* [AIM OF THE EXERCISE]:
Please return the lines from the one with "Pintoresca escena rural" through the end of the listing below, word for word, with every picture left out.

* [INPUT DATA]:
━━━━

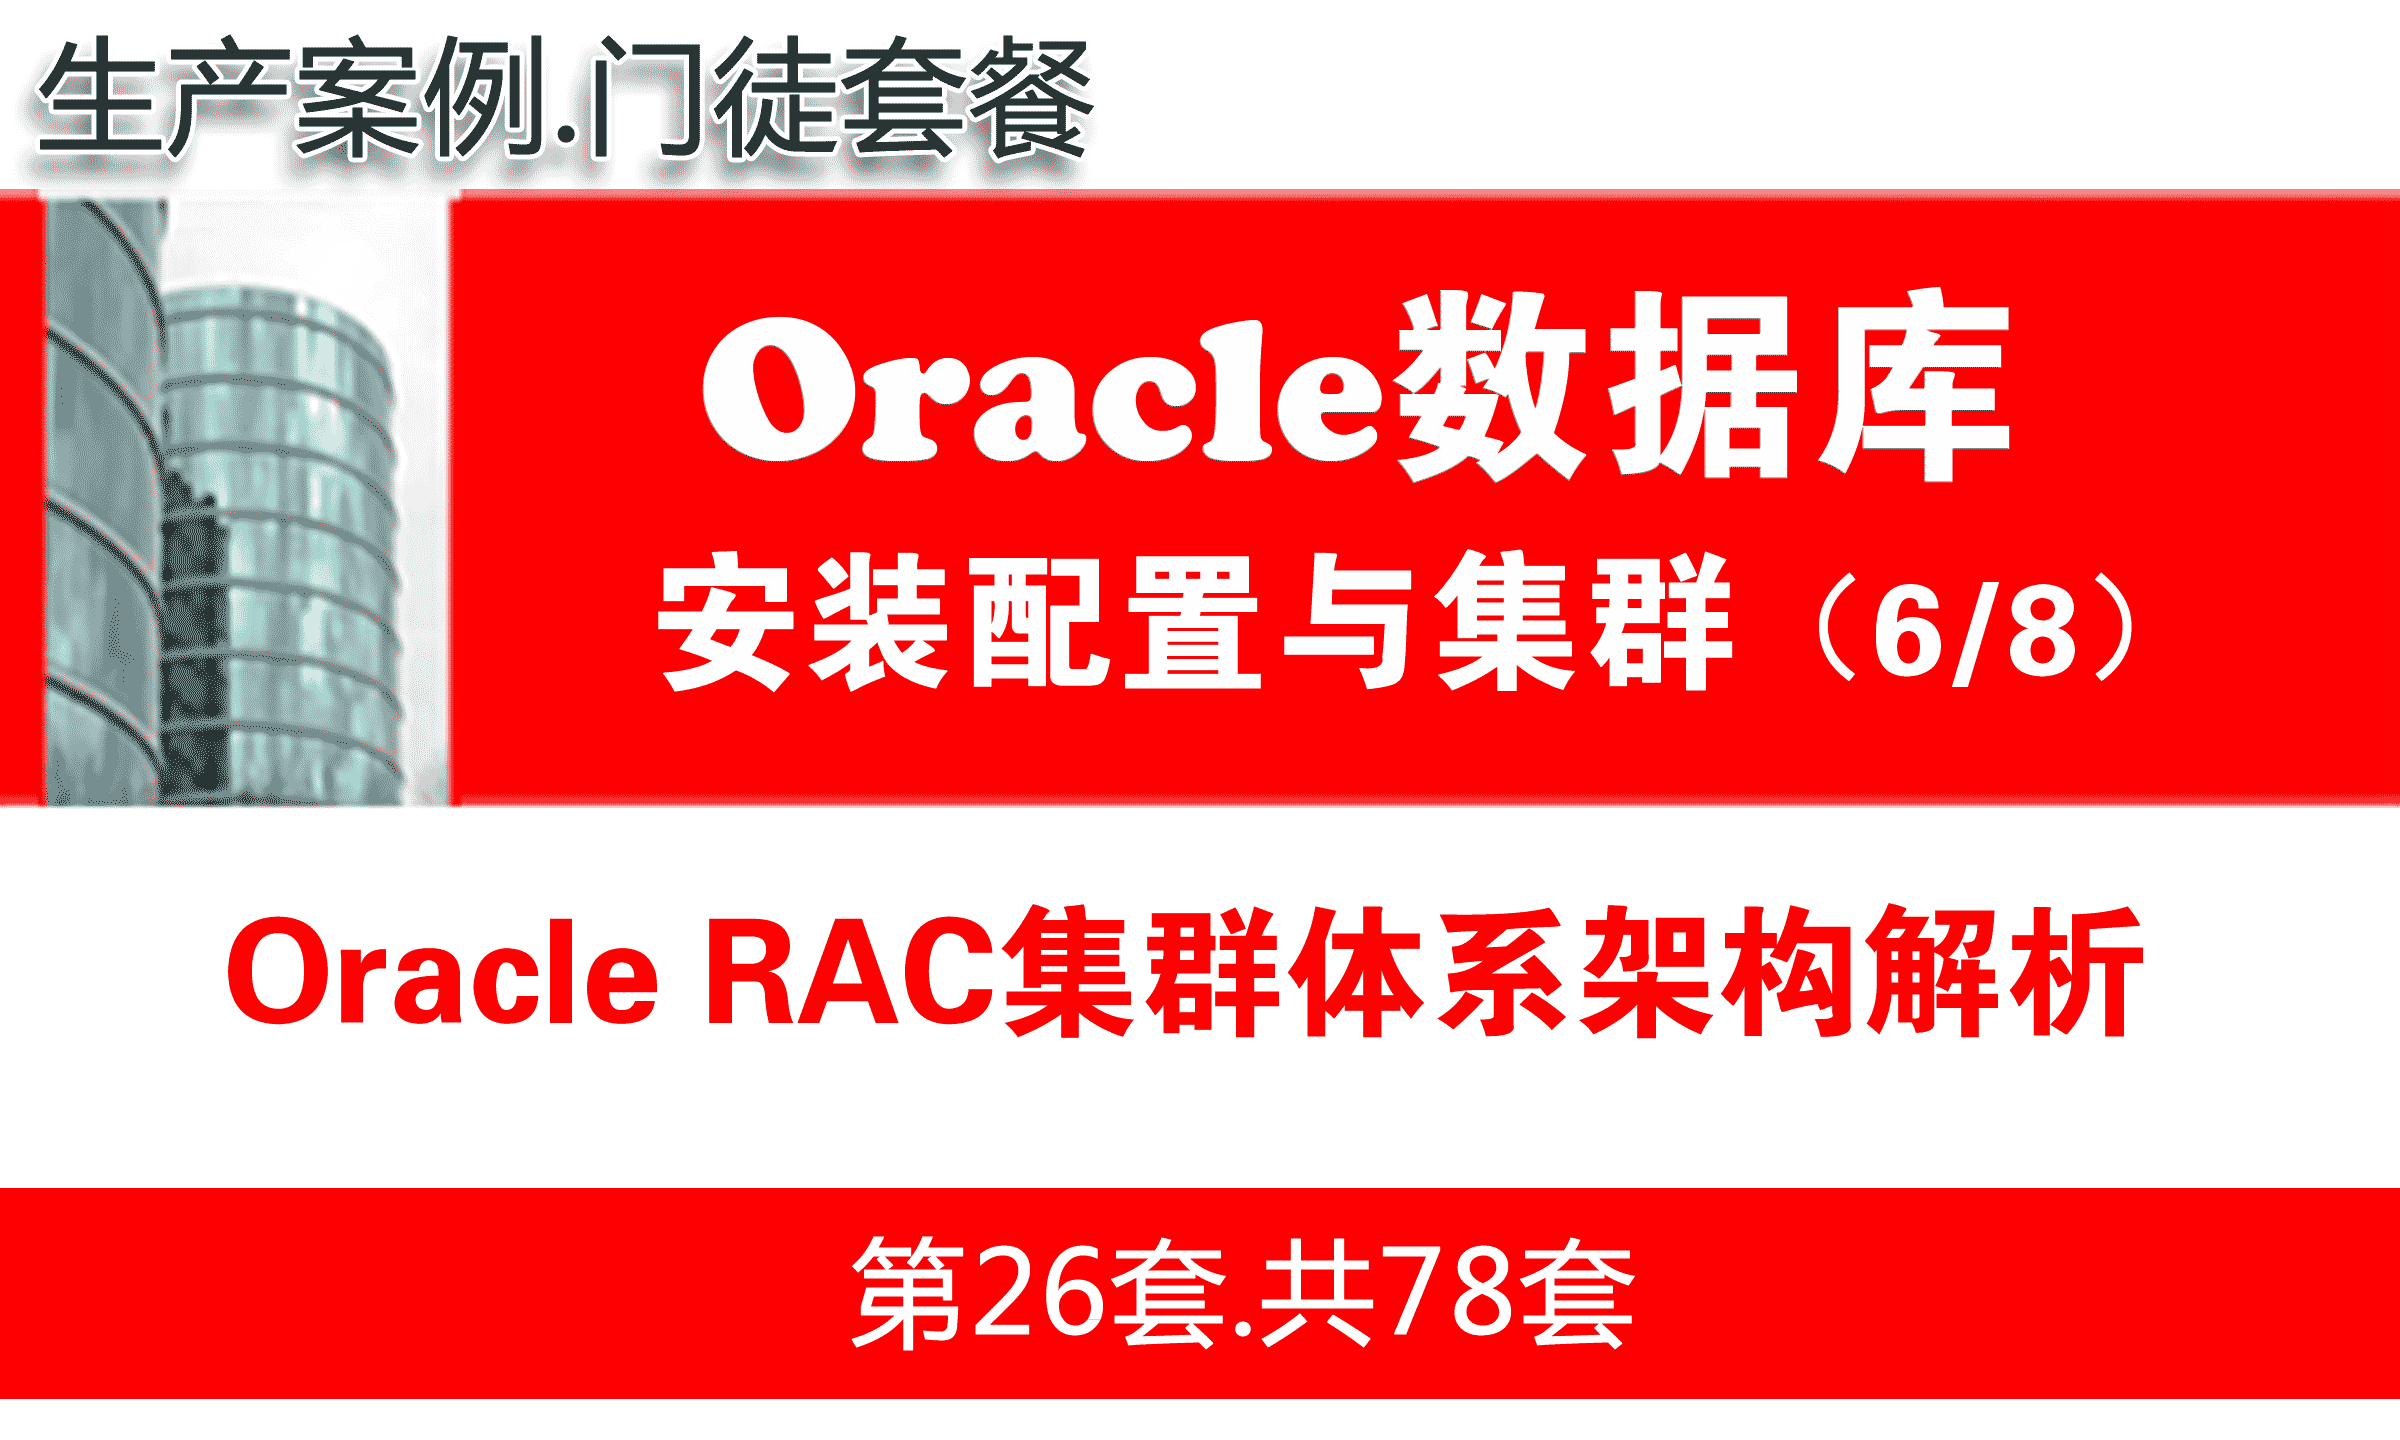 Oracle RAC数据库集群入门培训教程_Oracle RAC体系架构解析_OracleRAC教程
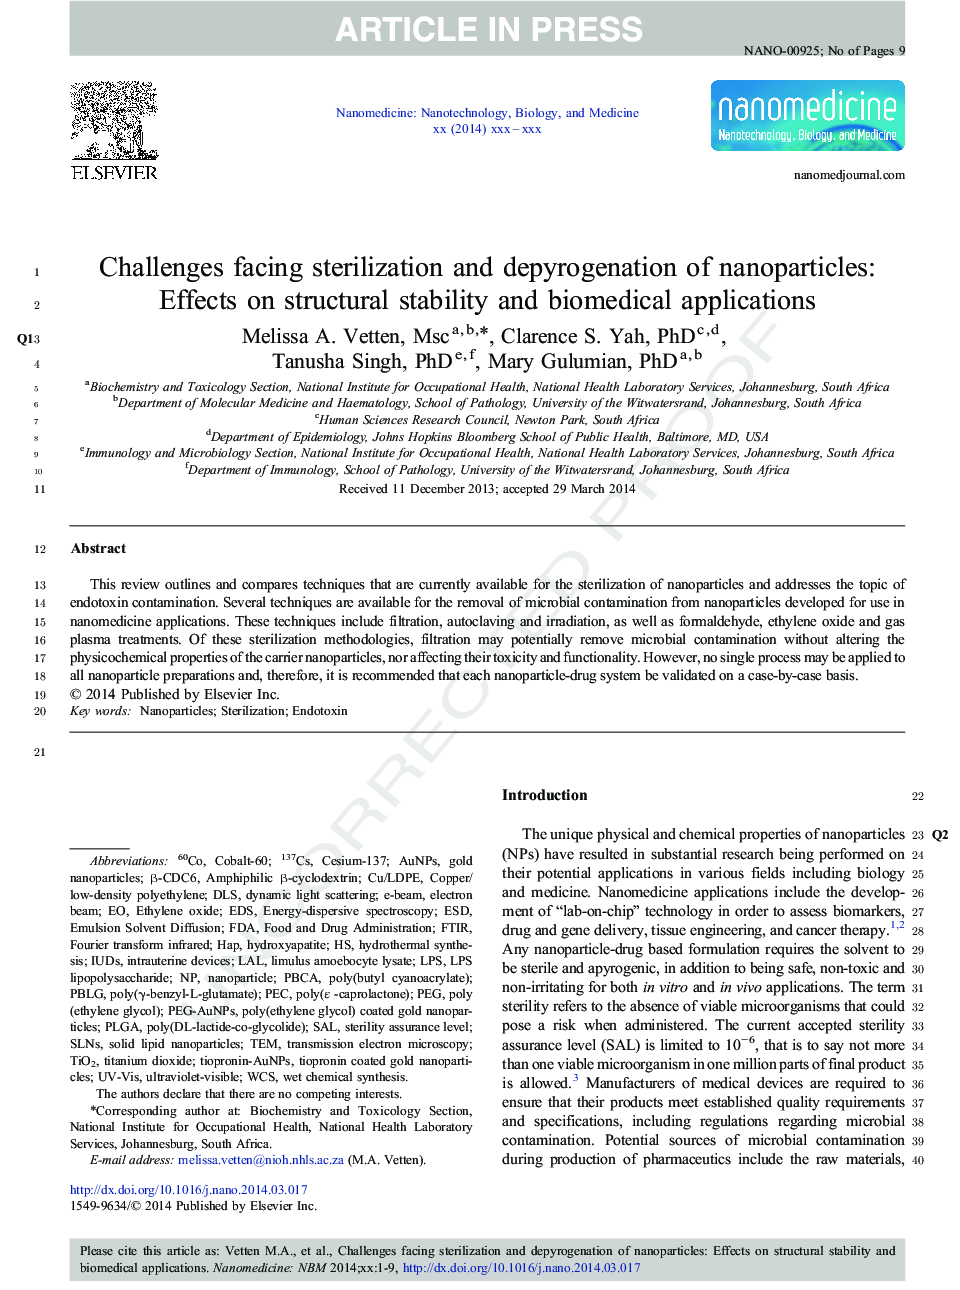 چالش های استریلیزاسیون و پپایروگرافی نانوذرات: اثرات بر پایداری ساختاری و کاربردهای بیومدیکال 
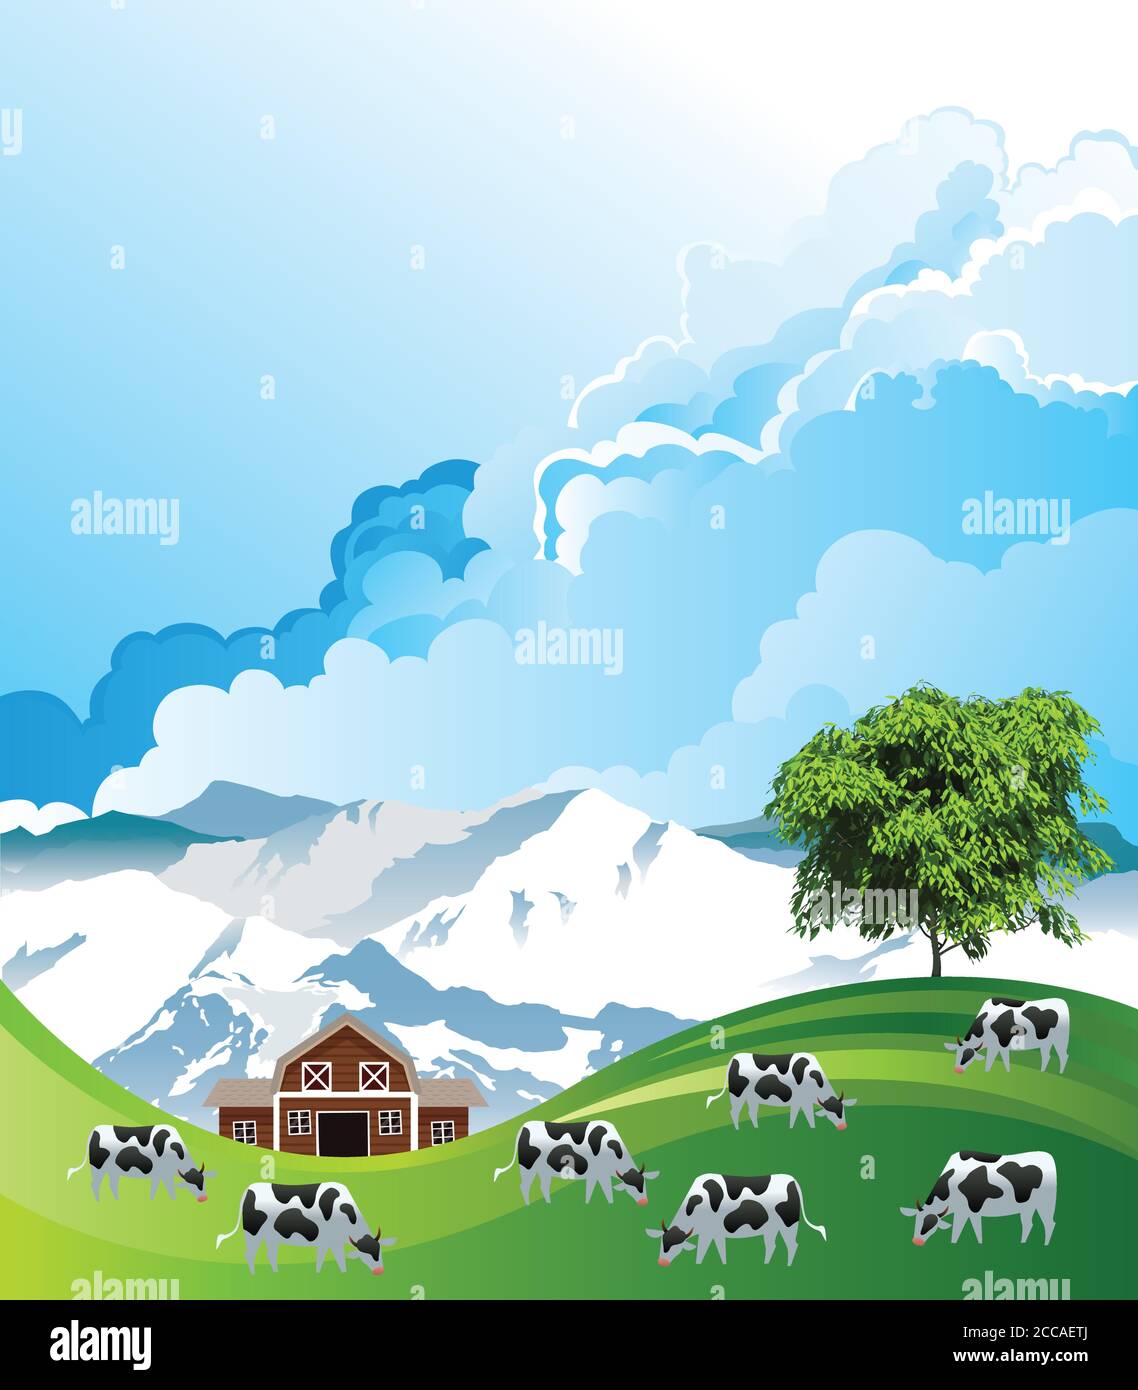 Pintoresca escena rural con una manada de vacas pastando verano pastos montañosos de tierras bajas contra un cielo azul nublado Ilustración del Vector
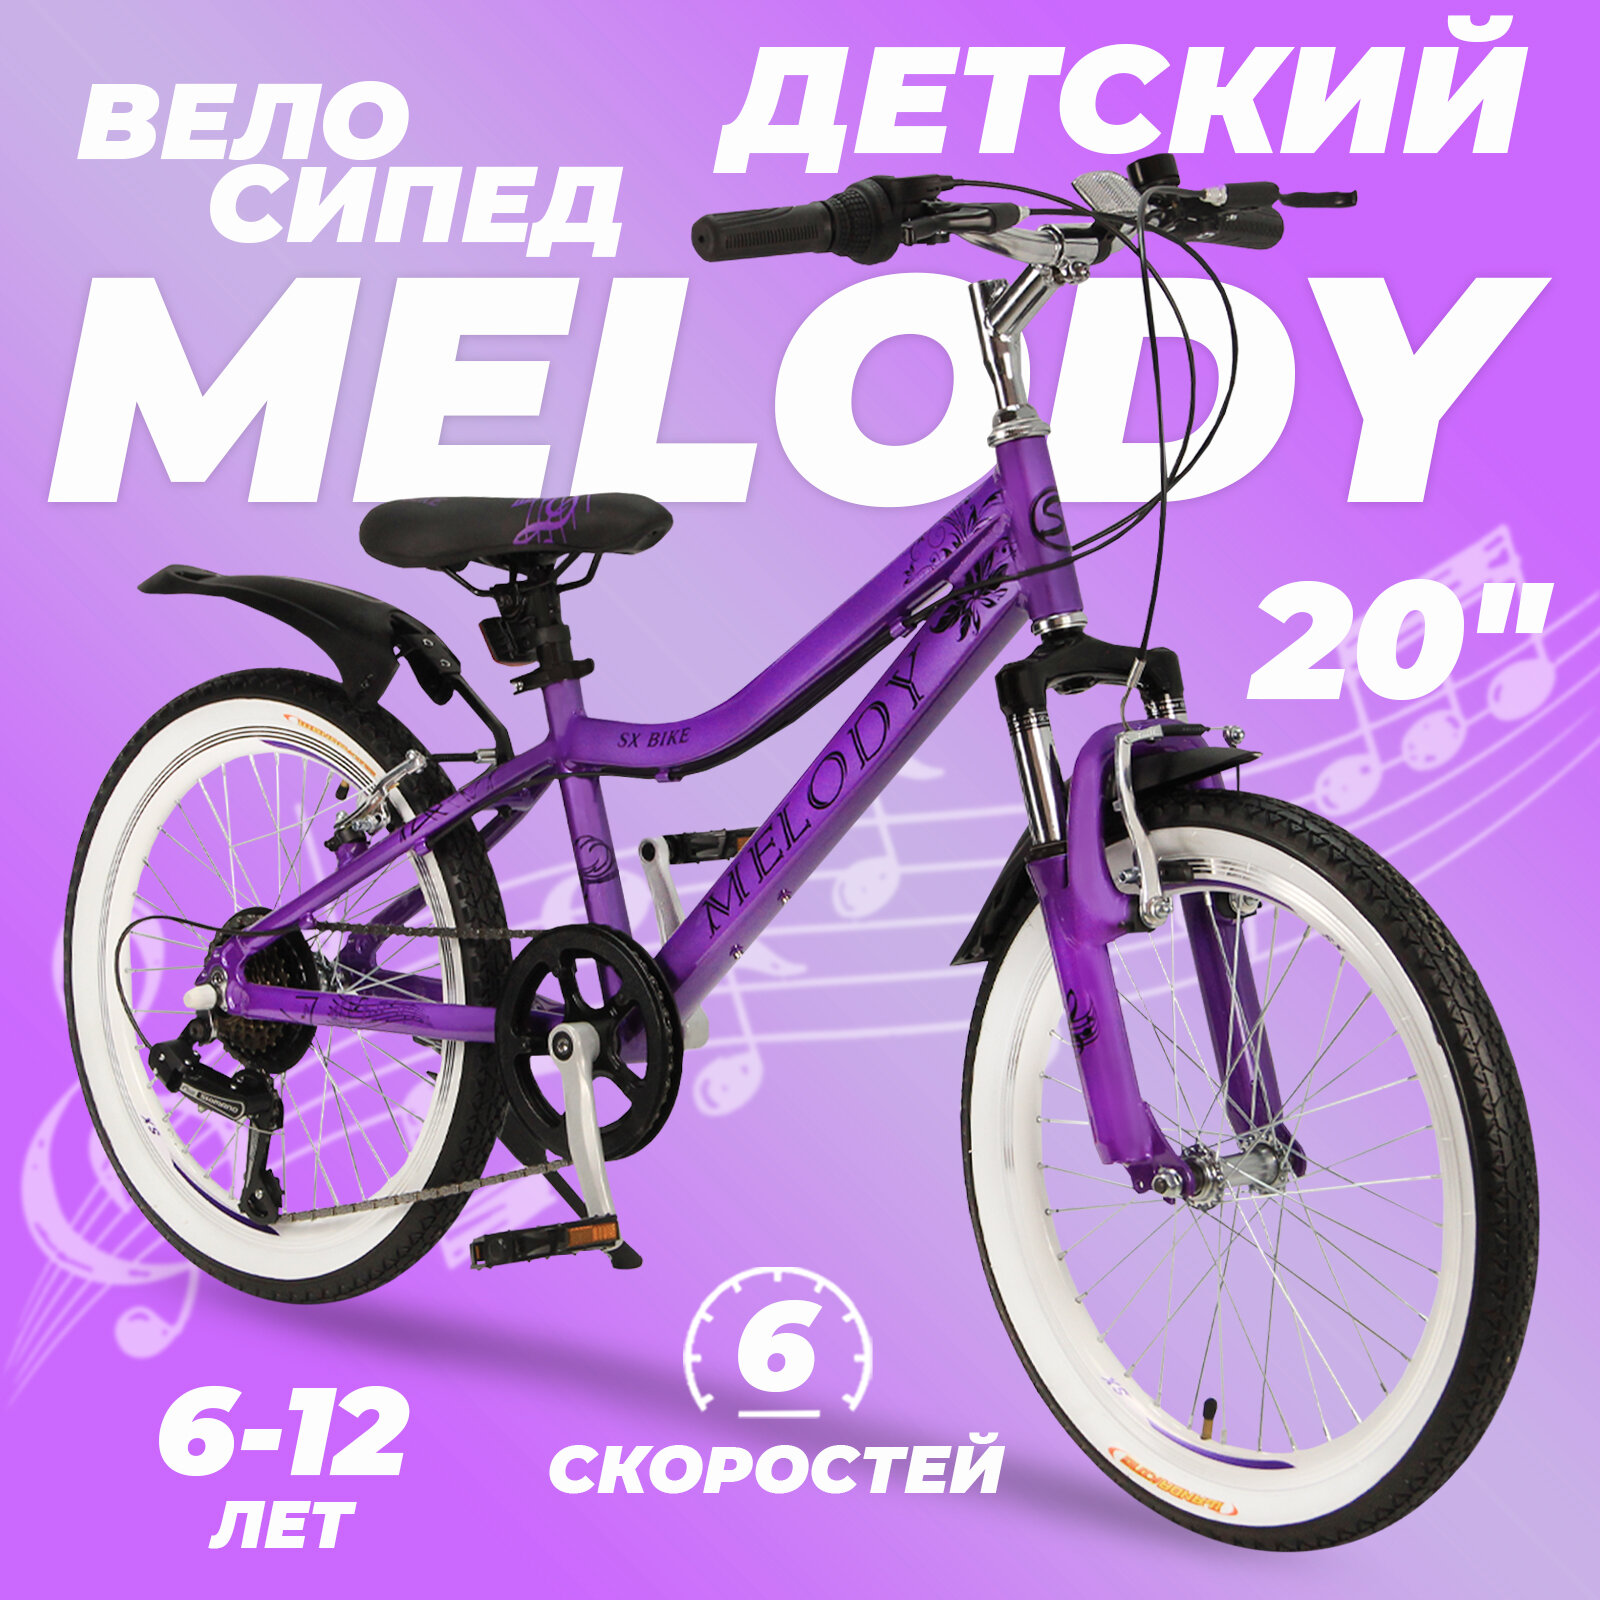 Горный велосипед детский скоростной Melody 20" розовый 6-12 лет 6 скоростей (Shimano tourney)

━━━━

* [EXERCISE RESPONSE]:
 Pintoresca escena rural con una manada de vacas pastando verano pastos montañosos de tierras bajas contra un cielo azul nublado Ilustración del Vector
 Горный велосипед детский скоростной Melody 20" розовый 6-12 лет 6 скоростей (Shimano tourney)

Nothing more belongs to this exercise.